Kevin Drum summarized the White House’s principal political problem with the purge scandal extremely well today.
They’ve now had nearly two months to come up with a simple, clear, understandable explanation for why they chose those eight to fire but not the others. So what is it? And why has it taken such an interminable amount of internal chaos to come up with something?
People aren’t stupid. If there were a simple, innocent explanation we would have heard it in January. The fact that the president of the United States held a press conference eight weeks after this issue first hit the media and still didn’t have a plausible story to tell suggests pretty strongly that there is no plausible story to tell.

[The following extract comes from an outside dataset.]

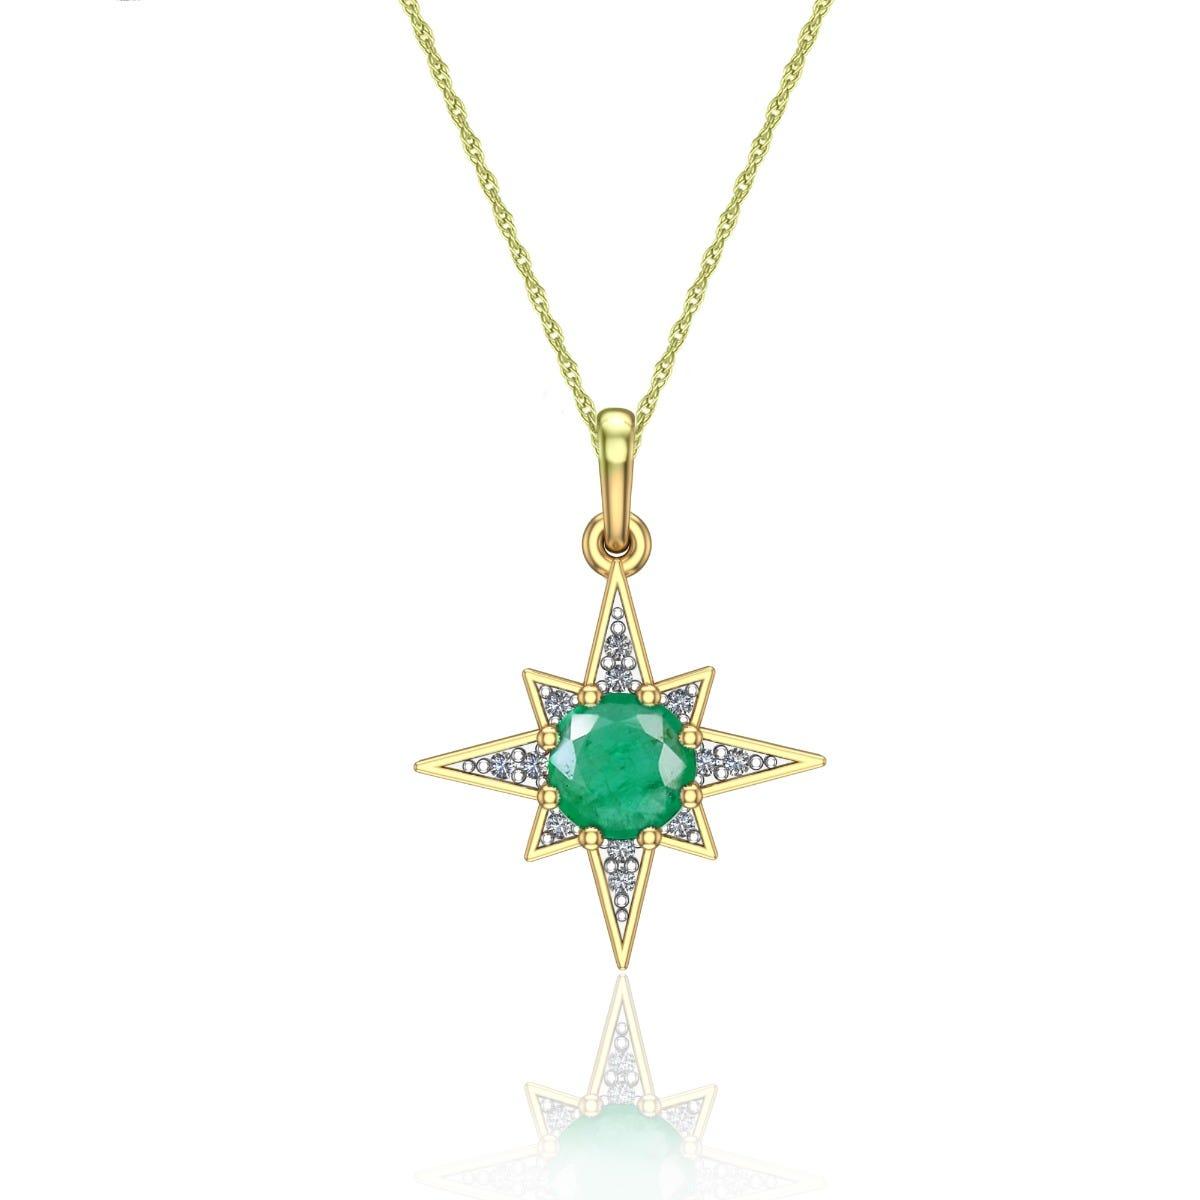 Round-Cut Emerald & Diamond Pendant in 10k Yellow Gold

It’s an important point about this scandal, which is probably helping drive the media’s interest. The White House, and its vaunted communications office, has had eight weeks to come up with a plausible explanation. What have we heard? The Bush gang said a purge like this is normal and routine. It wasn’t. They said Clinton did the same thing. He didn’t. They said the U.S. Attorneys serve at the pleasure of the president, which is true, but doesn’t offer any substantive explanation why these specific U.S. Attorneys had to go.

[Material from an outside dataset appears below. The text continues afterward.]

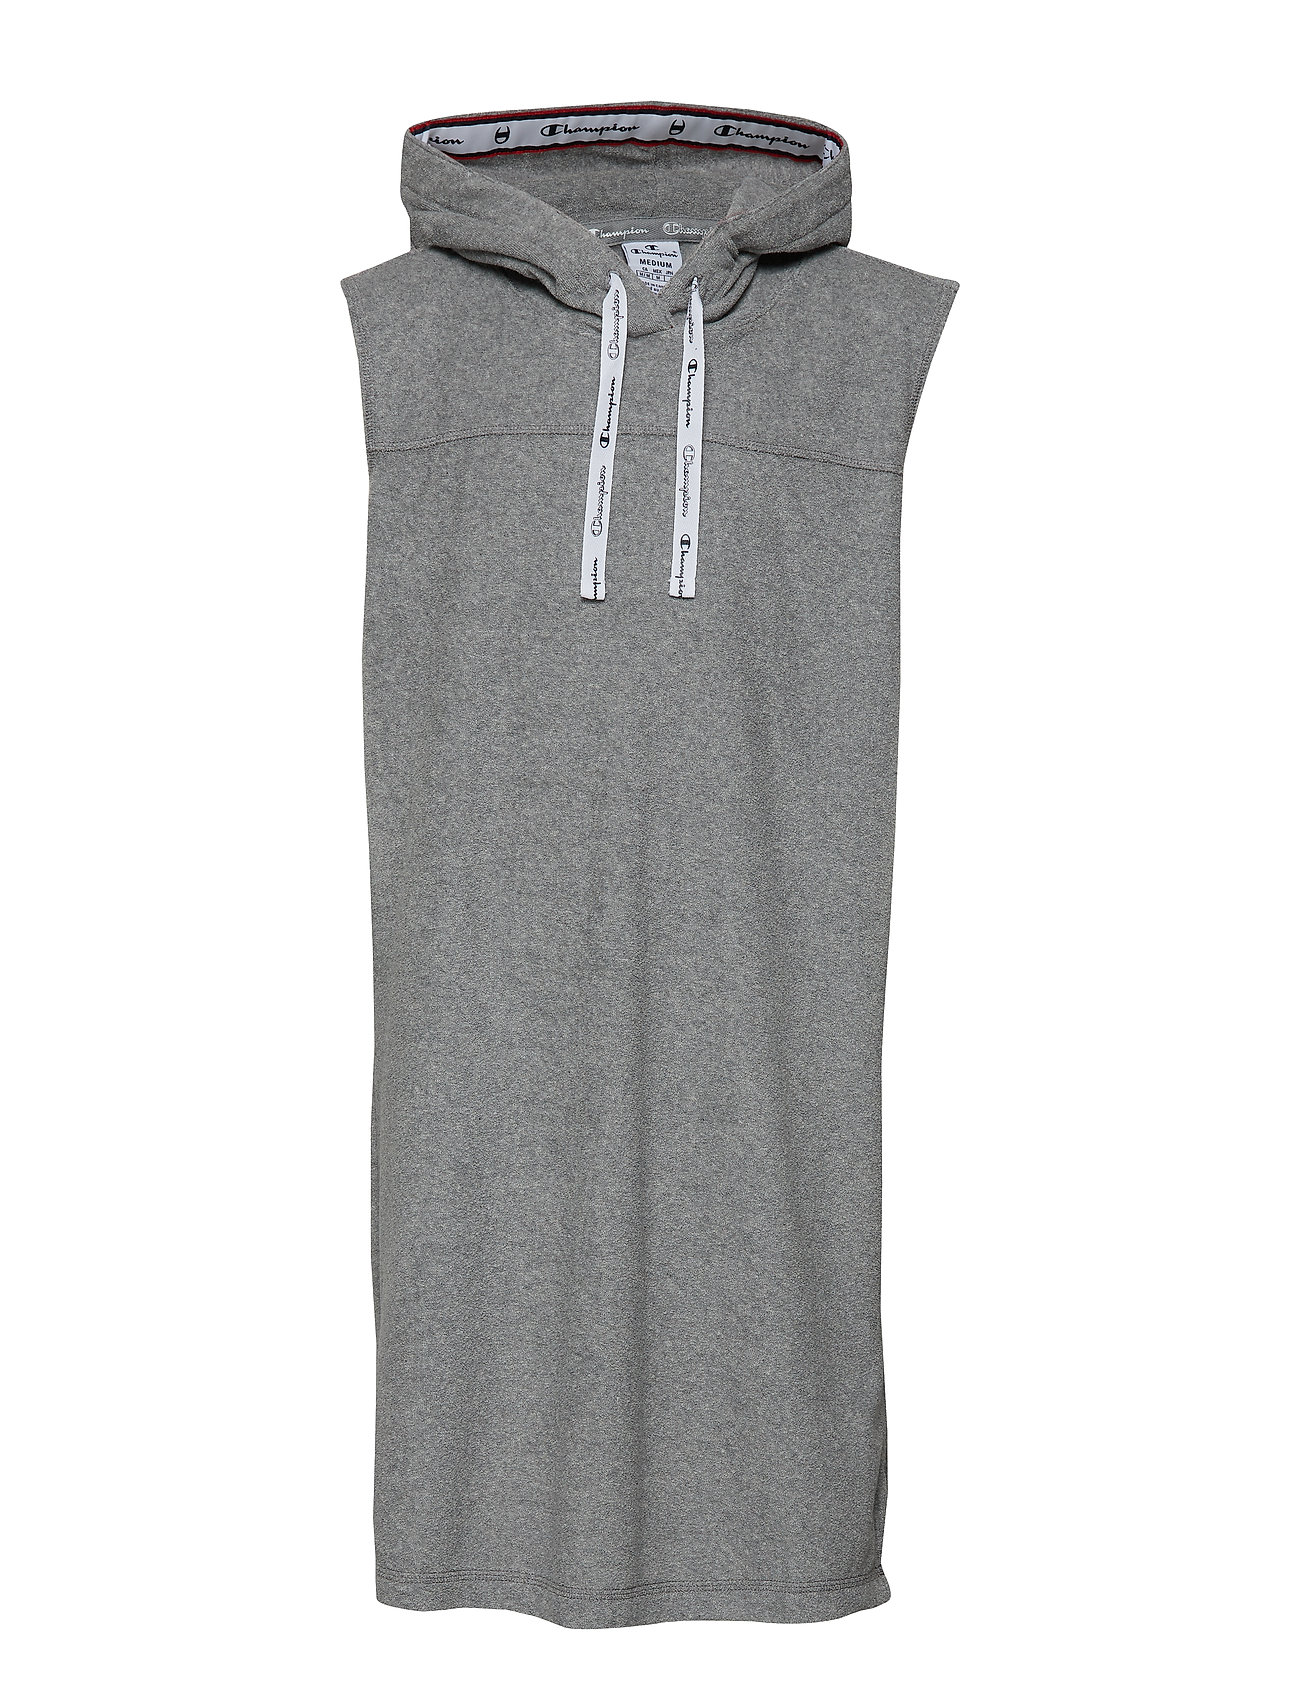 Champion Maxi Hooded Sweatshirt - GRAY MELANGE LIGHT

They couldn’t decide whether (and which) prosecutors were actually bad at their jobs. They can’t explain why Justice Department officials lied to Congress. They can’t explain why White House officials can’t testify under oath. They can’t explain what role the president had in the firings. They can’t explain what role the Attorney General had in the firings. They can’t explain the meaning of the phrase “loyal Bushies.” They can’t explain the 18-day document gap. They can’t explain why they can’t explain.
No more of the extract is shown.